Add a new NUnit test project and call it DIViaPropertiesTest. Add a reference to DIViaProperties and change Test1 to DIViaPropertiesTest. The code needs to know that the data provider needs a logging provider and it must pass it before calling any method that uses the data provider. If configuration used several providers that need to log, then this setup would become complex and brittle. This violates the Law of Demeter.

using DIViaProperties;
using NUnit.Framework;
using System.Diagnostics;
 
namespace DIViaPropertiesTest
{
    public class Tests
    {
        [Test]
        public void ConfigurationTest()
        {
            Configuration configuration = new Configuration();
            Settings settings;
 
            configuration.dataProvider = new TestDataProvider();
            configuration.dataProvider.loggingProvider = new TestLoggingProvider();
            settings = configuration.GetSettings();
 
            Assert.IsFalse(settings.isProductionMode);
            Assert.AreEqual("Test data provider", configuration.dataProvider.GetName());
            Assert.AreEqual("Test logging provider", configuration.dataProvider.loggingProvider.GetName());
        }
    }
}

Option 2 is to have Configuration responsible for passing dependencies to all it's children. Program.cs still needs to provide a logging provider, but it doesn't need to know how it is used. This is a slight improvement. However this means the providers must be specified bottom-up which adds complexity if two providers need each other.

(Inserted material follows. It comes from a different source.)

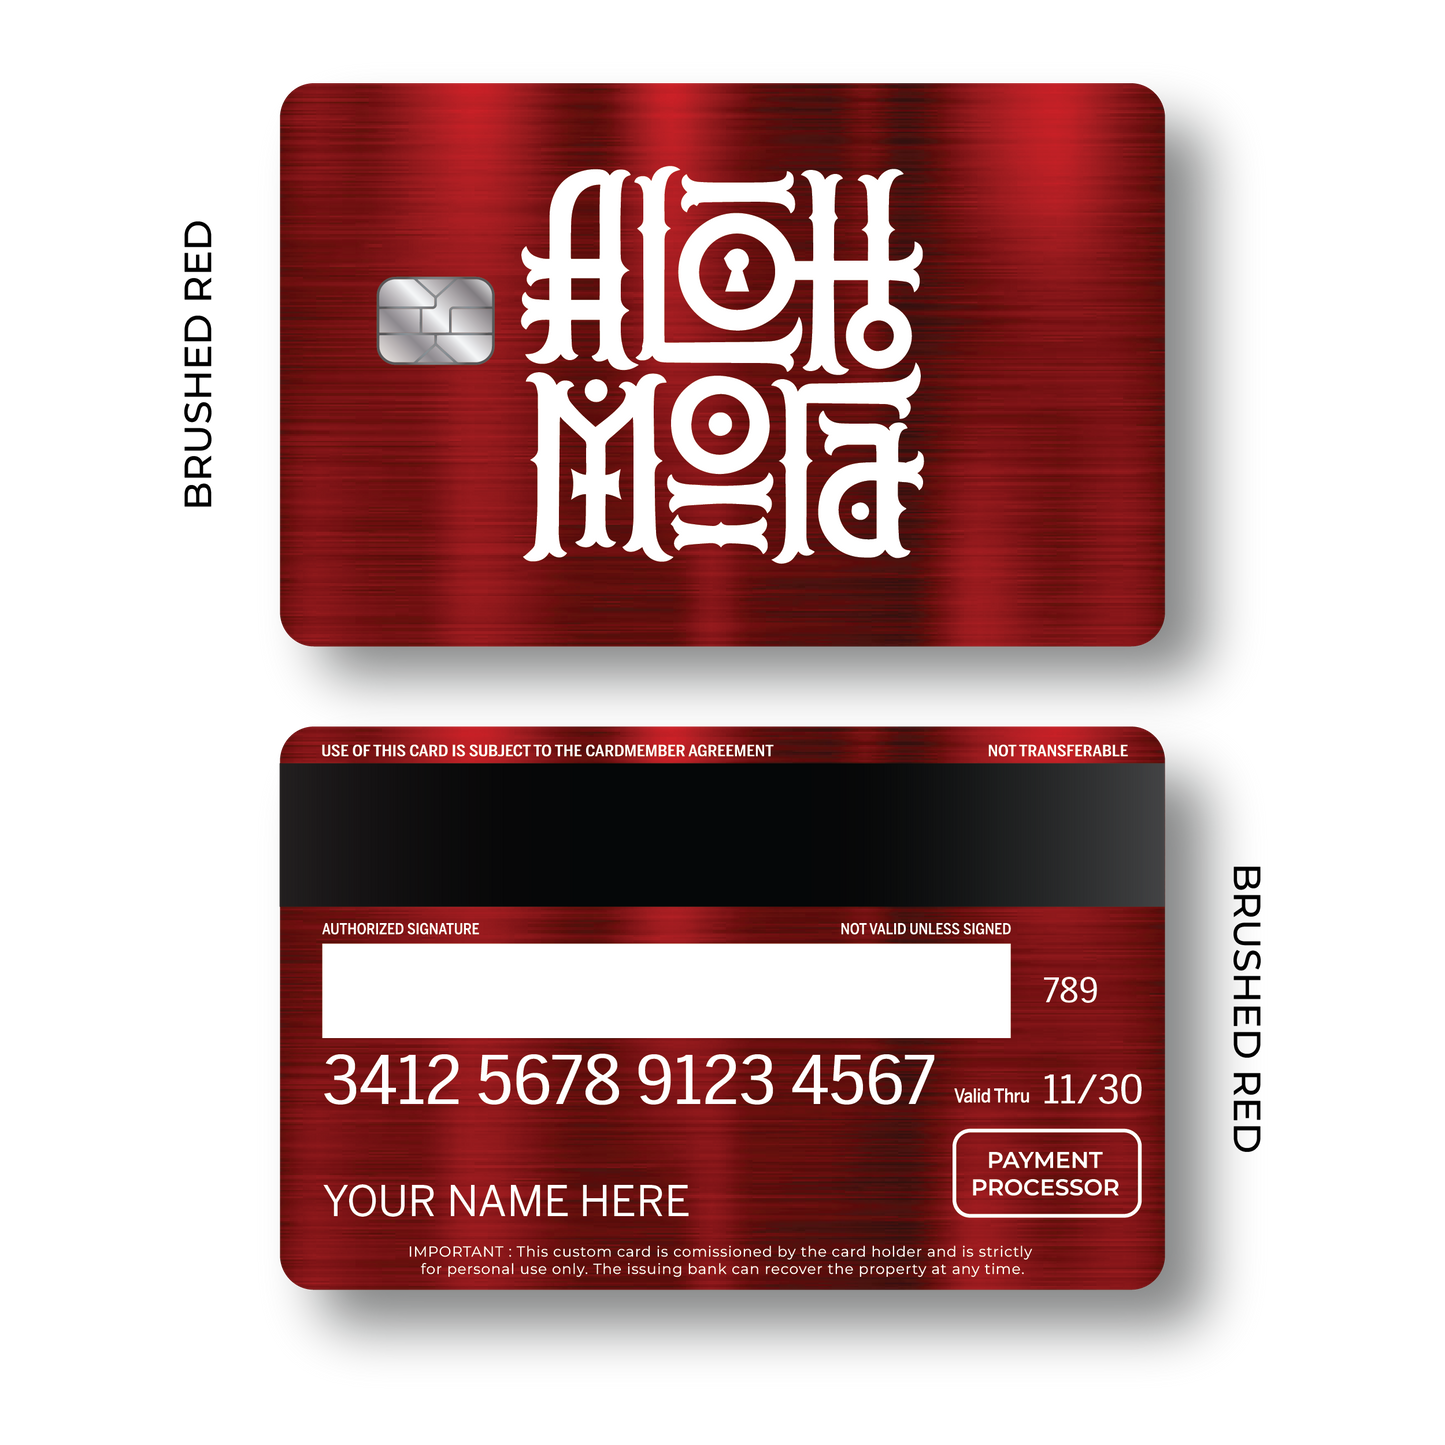 Metal Card Alohomora

Configuration now looks like this.

using System;
 
namespace DIViaProperties
{
    public class Settings
    {
        public bool isProductionMode;
    }
 
    public class Configuration
    {
        private BaseDataProvider _dataProvider;
        public BaseDataProvider dataProvider   
        {
            get
            {
                if (_dataProvider == null)
                    _dataProvider = new ProductionDataProvider();
 
                return _dataProvider;
            }
 
            set
            {
                _dataProvider = value;
                _dataProvider.loggingProvider = loggingProvider;
            }
        }
 
        private BaseLoggingProvider _loggingProvider;
        public BaseLoggingProvider loggingProvider
        {
            get
            {
                if (_loggingProvider == null)
                    _loggingProvider = new ProductionLoggingProvider();
 
                return _loggingProvider;
            }
 
            set
            {
                _loggingProvider = value;
            }
        }
 
        public Settings GetSettings()
        {
            Settings settings;
            dataProvider.OpenConnection();
            settings = dataProvider.GetSettings();
            dataProvider.CloseConnection();
            return settings;
        }
    }
}
 
DIViaPropertiesTest now looks like this. Note that the logging provider is defined before the data provider because it must be there when the data provider is defined. In a way, configuration still needs to know that the data provider needs a logging provider.

using DIViaProperties;
using NUnit.Framework;
using System.Diagnostics;
 
namespace DIViaPropertiesTest
{
    public class Tests
    {
        [Test]
        public void ConfigurationTest()
        {
            Configuration configuration = new Configuration();
            Settings settings;
 
            configuration.loggingProvider = new TestLoggingProvider();
            configuration.dataProvider = new TestDataProvider();
            settings = configuration.GetSettings();
 
            Assert.IsFalse(settings.isProductionMode);
            Assert.AreEqual("Test data provider", configuration.dataProvider.GetName());
            Assert.AreEqual("Test logging provider", configuration.dataProvider.loggingProvider.GetName());
        }
    }
}

Although the dependency injection code is simpler to write, it is more complex to consume. As we will be writing once and consuming many times, this is a false economy. This technique exposes more information about the internals of the classes we are calling than I like. As the dependencies change internally, the tests are likely to break.

My preference is still dependency injection via events or deferred via constructors.